Since my laptop has qemu/kvm available via libvirt, I decided to try a libvirt provider for tofu. In line with other posts on here, I wanted the primary out-of-band management interface to be serial, and since my motivation for this was to play with cloud-init I decided to start from one of the cloud images for ubuntu server. Here are the terraform/tofu declarations I came up with (main.tf).

terraform {
  required_providers {
    libvirt = {
      source = "dmacvicar/libvirt"
    }
  }
}

provider "libvirt" {
  uri = "qemu:///system"
}

resource "libvirt_volume" "os_image_ubuntu" {
  name = "os_image_ubuntu"
  pool = "default"
  source = "https://cloud-images.ubuntu.com/noble/current/noble-server-cloudimg-amd64.img"
}

resource "libvirt_volume" "disk_ubuntu_resized" {
  name           = "disk"
  base_volume_id = libvirt_volume.os_image_ubuntu.id
  pool           = "default"
  size           = 10737418240
}

resource "libvirt_cloudinit_disk" "cloudinit_ubuntu_resized" {
  name = "cloudinit_ubuntu_resized.iso"
  pool = "default"

  user_data = <<EOF
#cloud-config
disable_root: true
ssh_pwauth: false
users:
  - name: ptty2u
    sudo: ALL=(ALL) NOPASSWD:ALL
    ssh_authorized_keys:
      - ${file("id_ubuntu_resized.pub")}

growpart:
  mode: auto
  devices: ['/']
EOF
}

resource "libvirt_domain" "domain_ubuntu_resized" {
  name   = "domain_ubuntu_resized"
  memory = "512"
  vcpu   = 1

  cloudinit = libvirt_cloudinit_disk.cloudinit_ubuntu_resized.id

  network_interface {
    network_name   = "default"
    wait_for_lease = true
  }

  console {
    type = "pty"
    target_port = "0"
    target_type = "serial"
  }

  console {
    type = "pty"
    target_type = "virtio"
    target_port = "1"
  }

  disk {
    volume_id = libvirt_volume.disk_ubuntu_resized.id
  }
}

output "ip" {
  value = libvirt_domain.domain_ubuntu_resized.network_interface[0].addresses[0]
}

The config references an ssh public key which should be in the same directory as main.tf and can be generated the usual way (ssh-keygen -t ed25519 -f ./id_ubuntu_resized).

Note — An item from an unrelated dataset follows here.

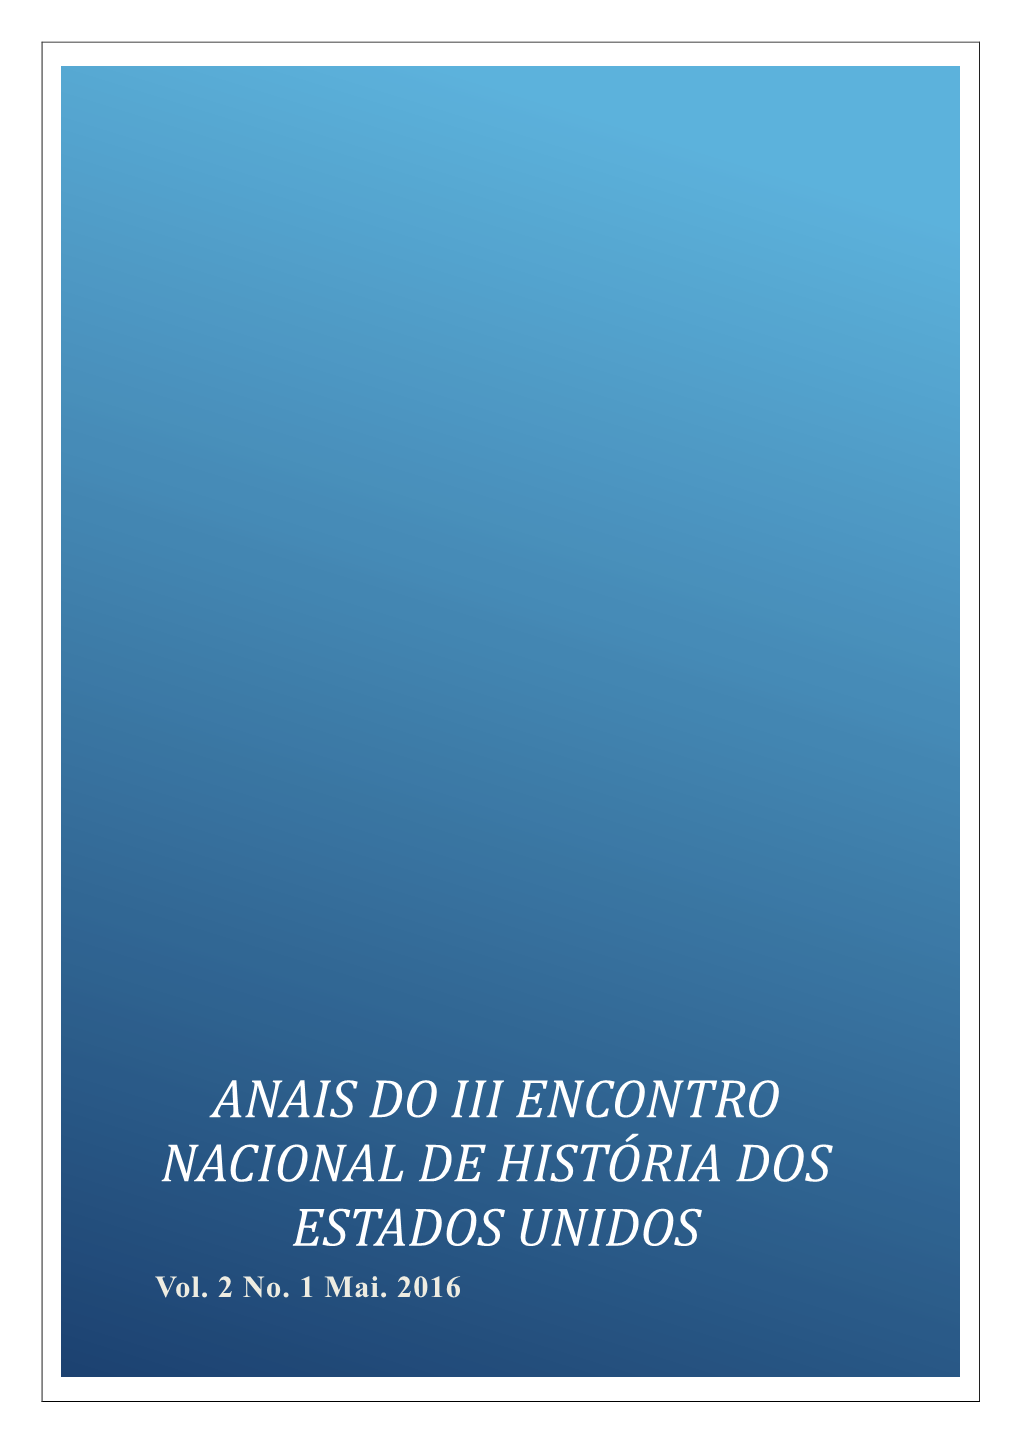 ANAIS DO III ENCONTRO NACIONAL DE HISTÓRIA DOS ESTADOS UNIDOS Vol

Running tofu init, then tofu plan will show you the planned changes, then tofu apply will grab the cloud image, defines all the resources and starts the virtual machine. As soon as the domain is defined, you should be able to virsh console <domain> to connect to the serial line and monitor the boot progress. The cloud init config will make some minor user tweaks and resize the root partition. When you’re done, terraform destroy will tidy the whole thing up for you.

Debugging with Qemu

While getting the above working, I had the opportunity to qemu directly to debug some issues. I normally rely on libvirt to specify all of the qemu config options, but it is kind of interesting to see the raw qemu equivalents. The cloud-init docs have a nice example which I followed pretty closely.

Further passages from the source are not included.